Recently I've been working a lot on coding models and functions 'from scratch'. The point is to force myself to understand not only how each model/method/algorithm works, but also really understand the implementations and parts of the models.
One of the problems I've hit with a few different statistical models is singular matrices. In this post I'm going to talk about:
A singular (or degenerate) matrix is a matrix that can not be inverted. A lot of this post will discuss the bridge between theory and practice, so I'll further specify that a singular amtrix is a matrix that can't theoretically be inverted.

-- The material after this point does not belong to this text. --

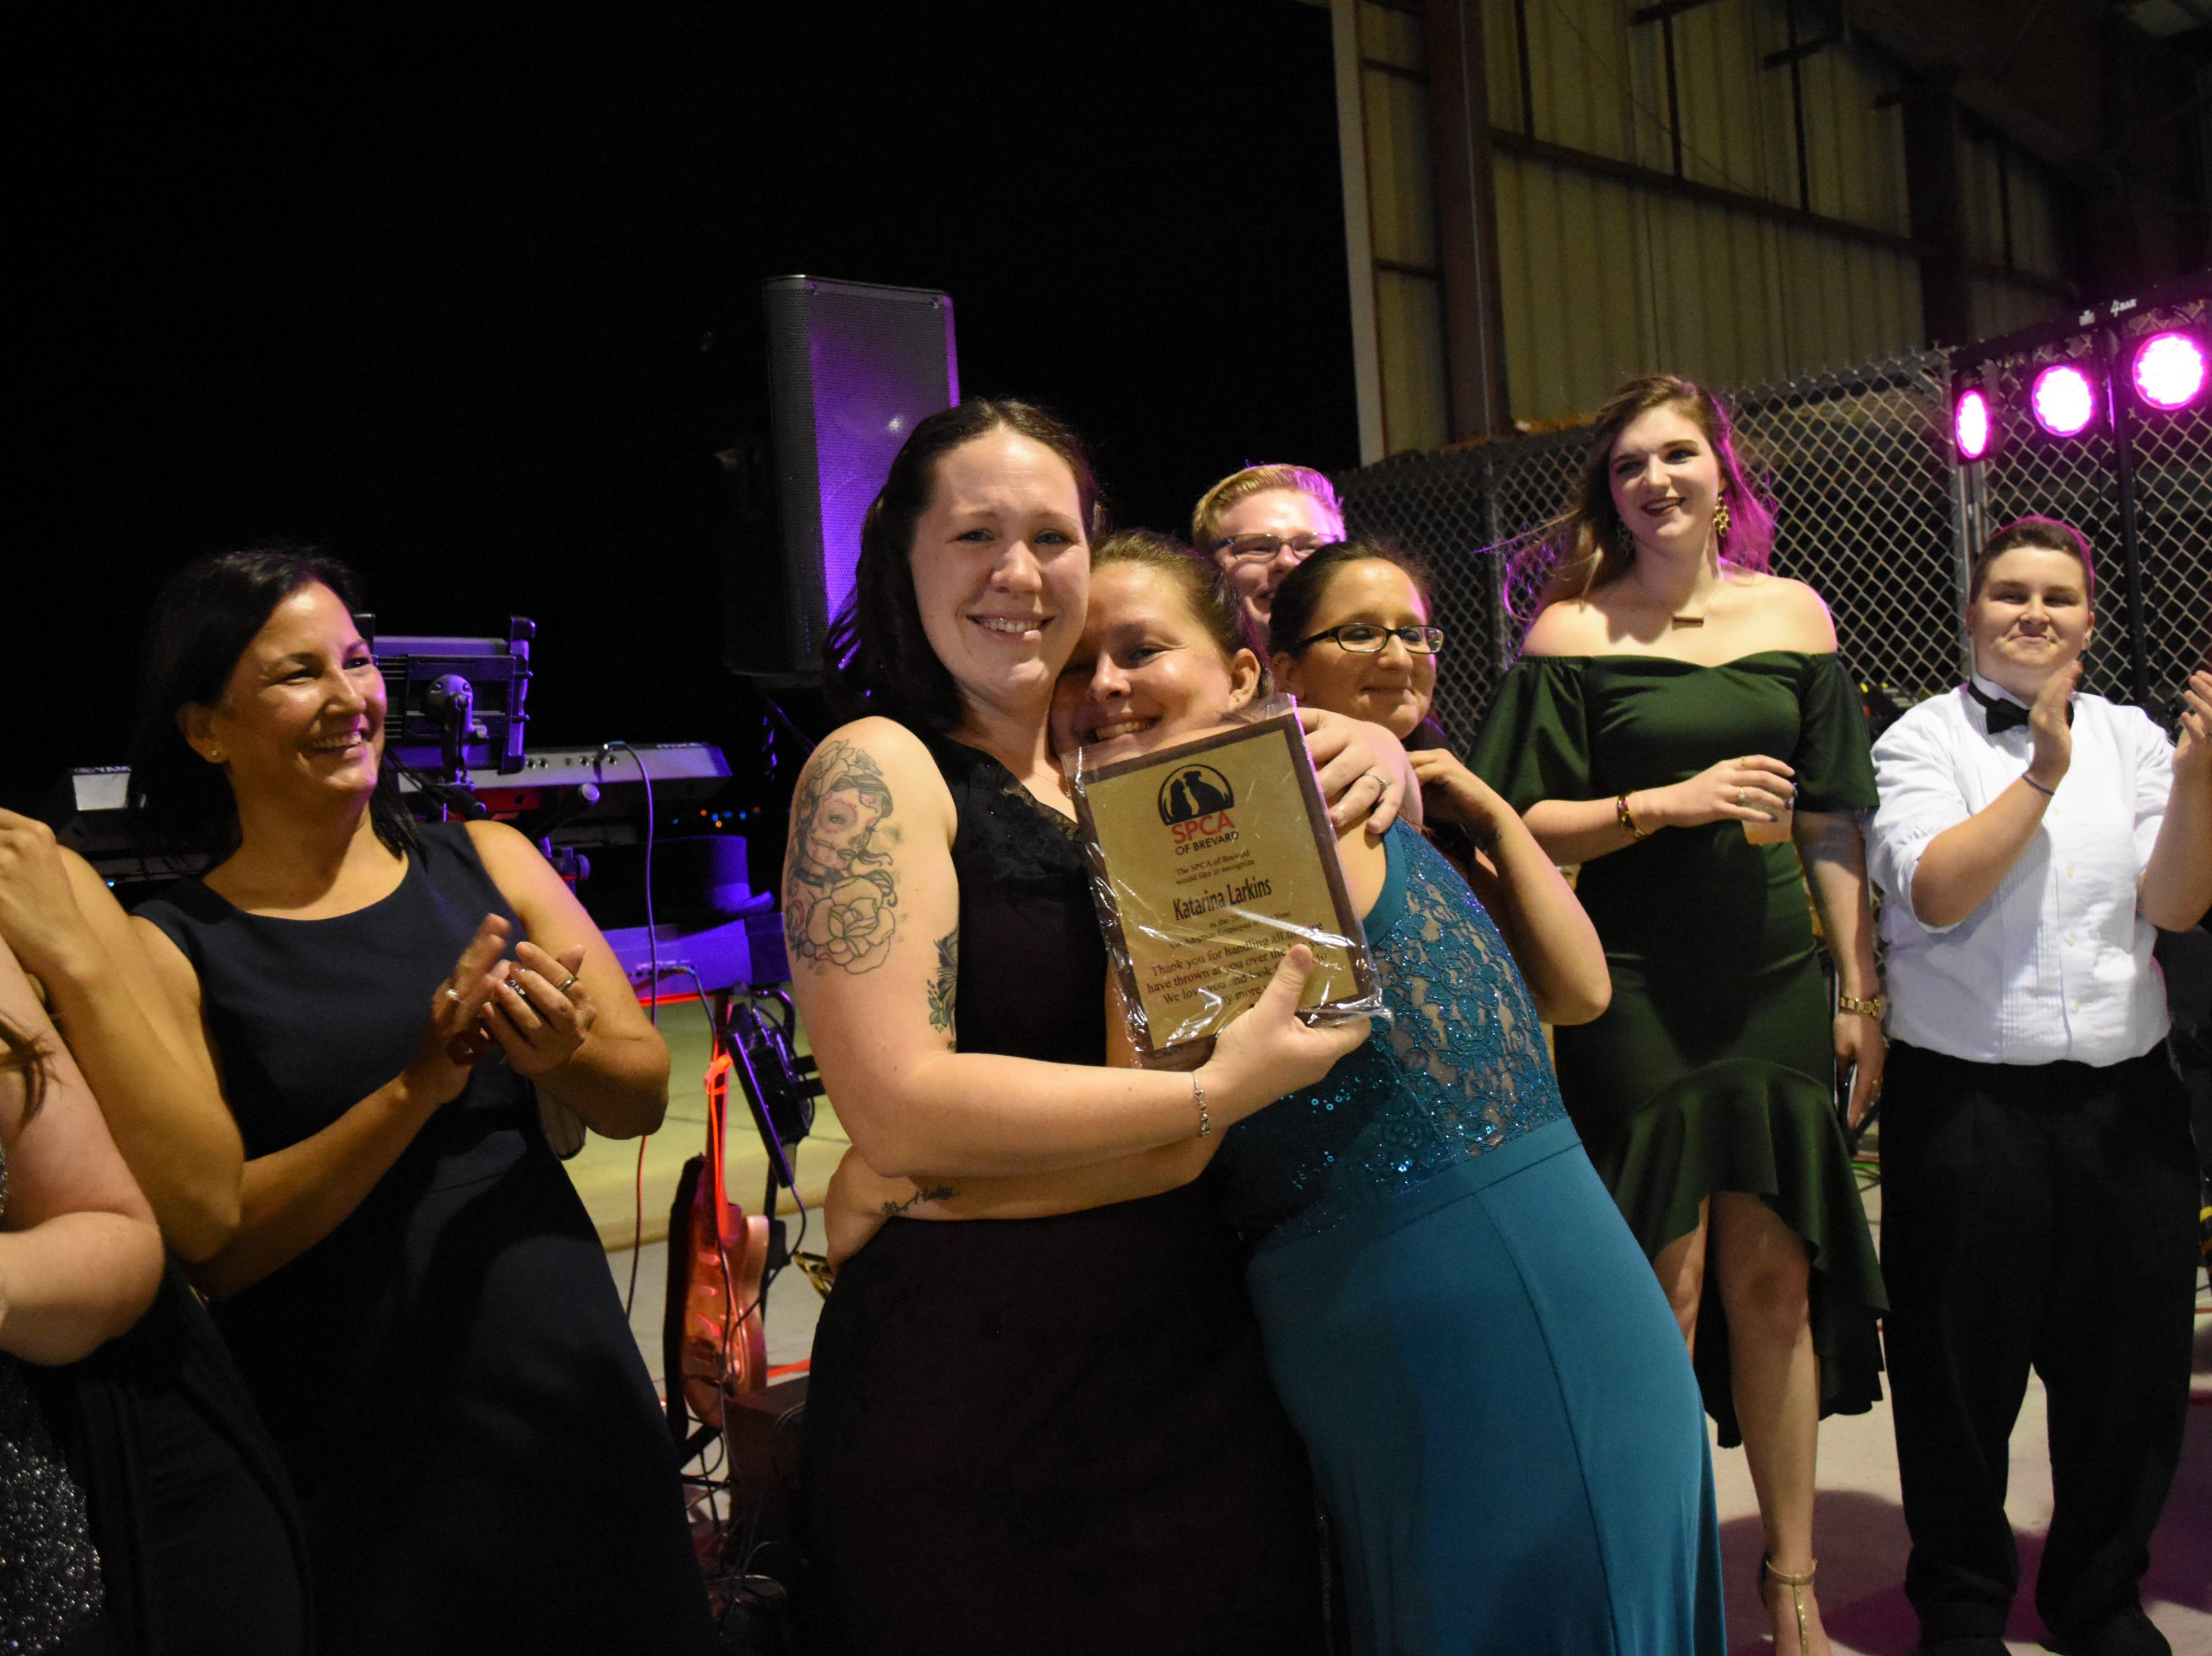 Katrina Larkins is awarded the cat adoption employee of the year award.

Of course, practically we can do all sorts of silly things. There are many functions that one can run on a computer that will try and 'succeed' at inverting a sigular matrix. I put succeed in quotes as any function that returns a result when trying to invert a singular matrix is returning nonsense. This is why it is important not to blindly trust functions for random packages you find on the internet! On the other hand, there may be matrices that are theoretically invertable but impossible to practically invert for a variety of reasons that I'll discuss in a bit.
First, let's review the definition of 'invertable'. A matrix is invertable if there exists a square ($nxn$) matrix B such that $AB = BA = I$ where $I$ is the identity matrix. Matrix inversion is the process of finding matrix $B$ for matrix $A$ that satisfies the equation above.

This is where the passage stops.